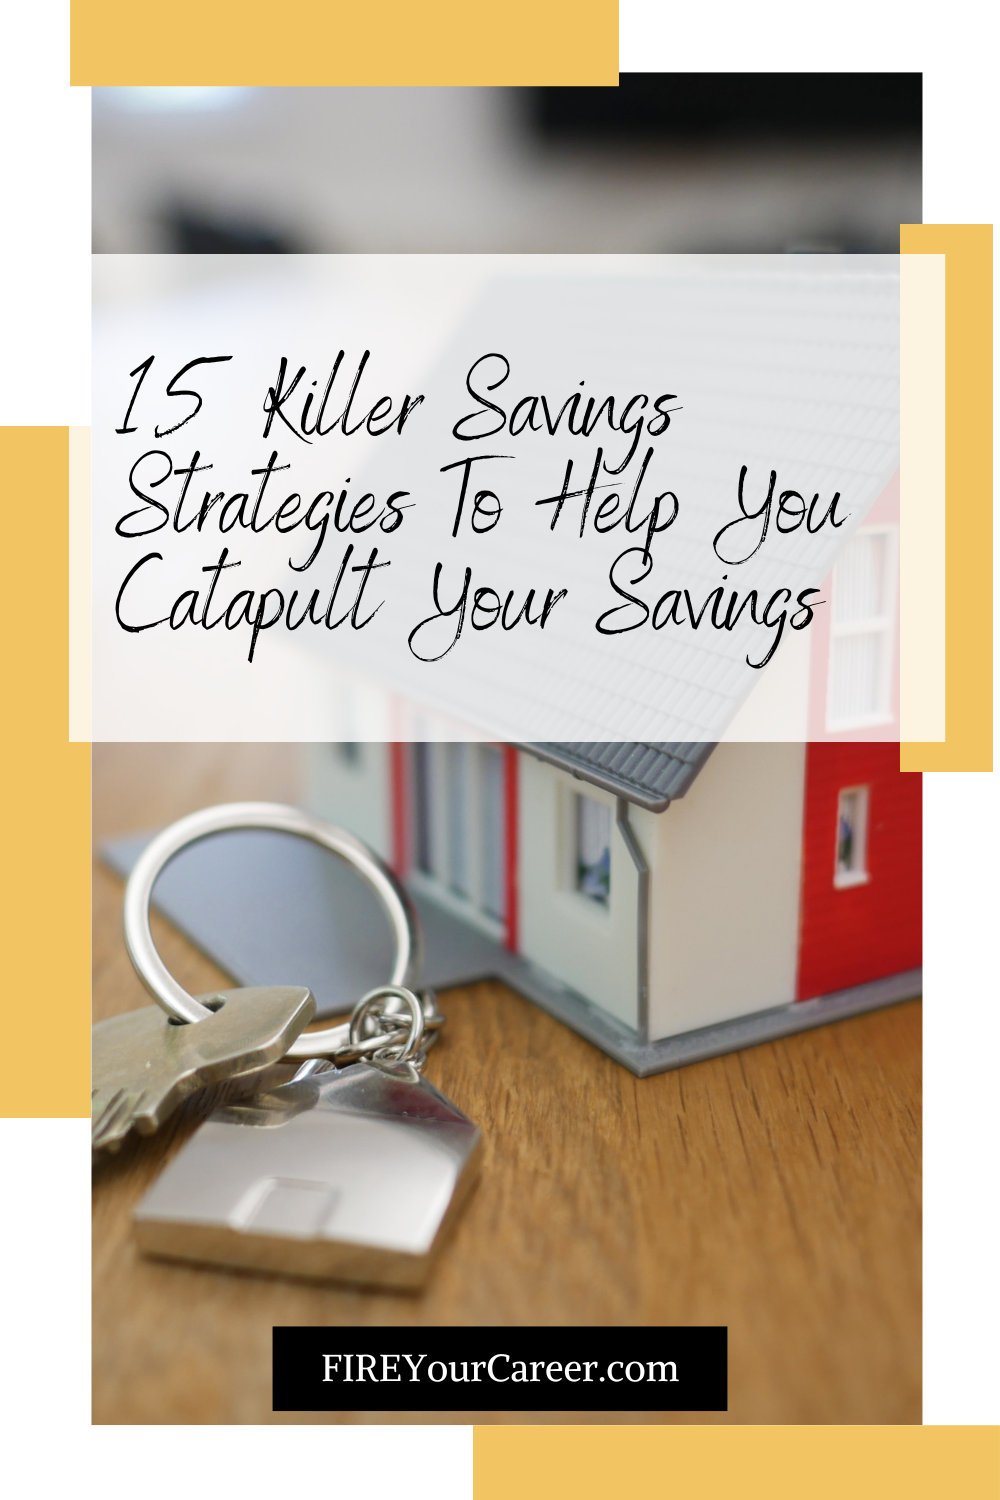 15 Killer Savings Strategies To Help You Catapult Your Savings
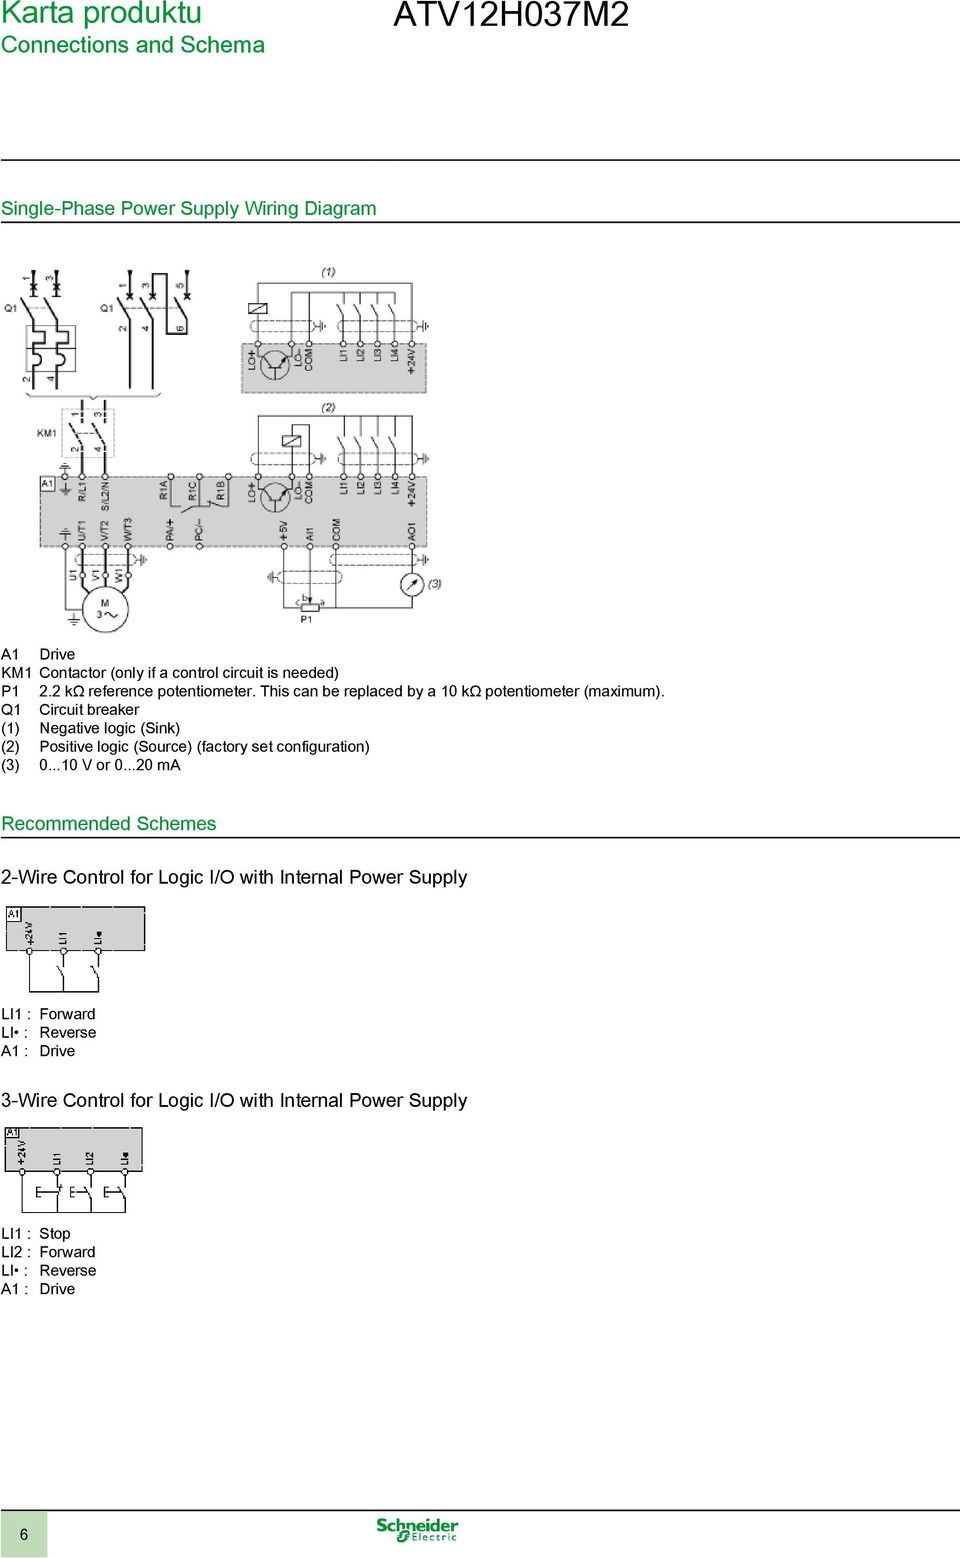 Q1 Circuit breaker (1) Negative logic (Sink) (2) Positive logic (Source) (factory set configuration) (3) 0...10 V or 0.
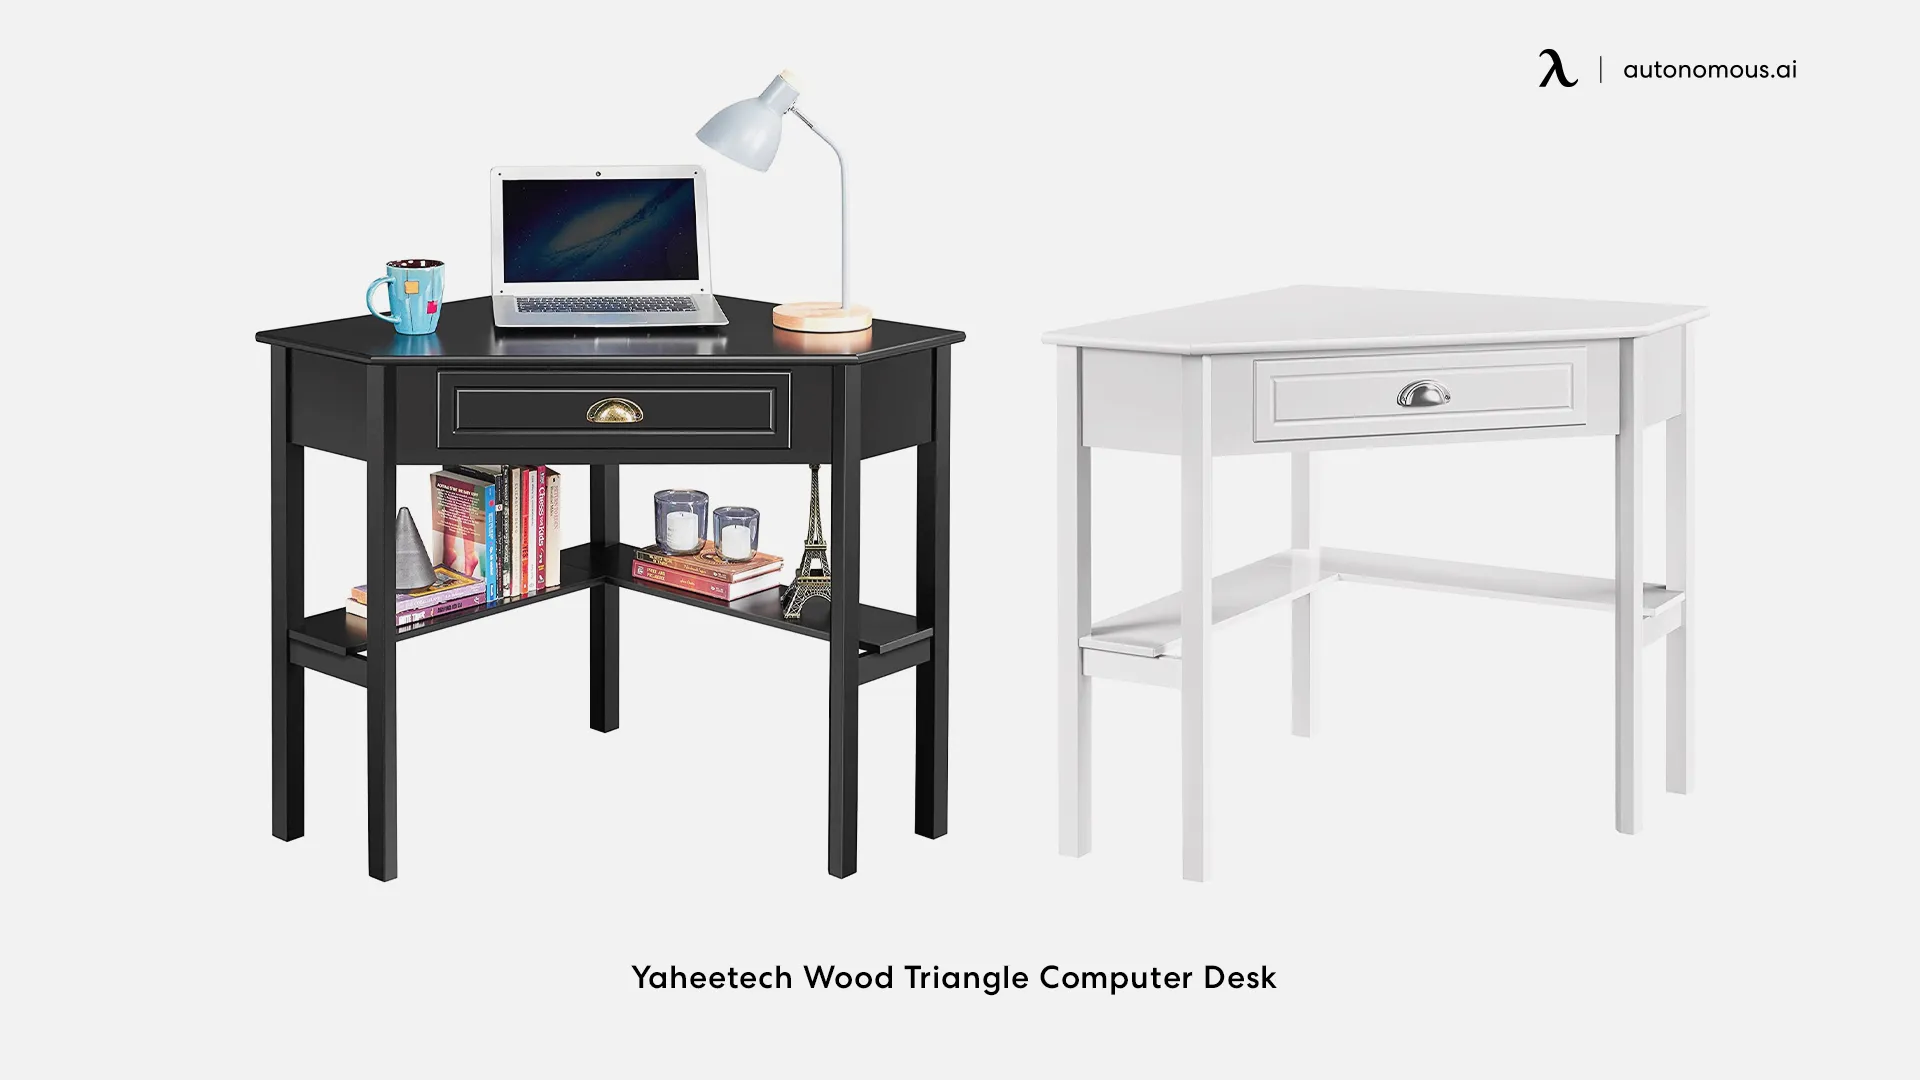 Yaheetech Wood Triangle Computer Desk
•••••
About this task: The expected answer is an unaltered copy of the listing, images removed.

Worked solution:
 15 Killer Savings Strategies To Help You Catapult Your Savings
 Q1 Circuit breaker (1) Negative logic (Sink) (2) Positive logic (Source) (factory set configuration) (3) 0...10 V or 0.
 Yaheetech Wood Triangle Computer Desk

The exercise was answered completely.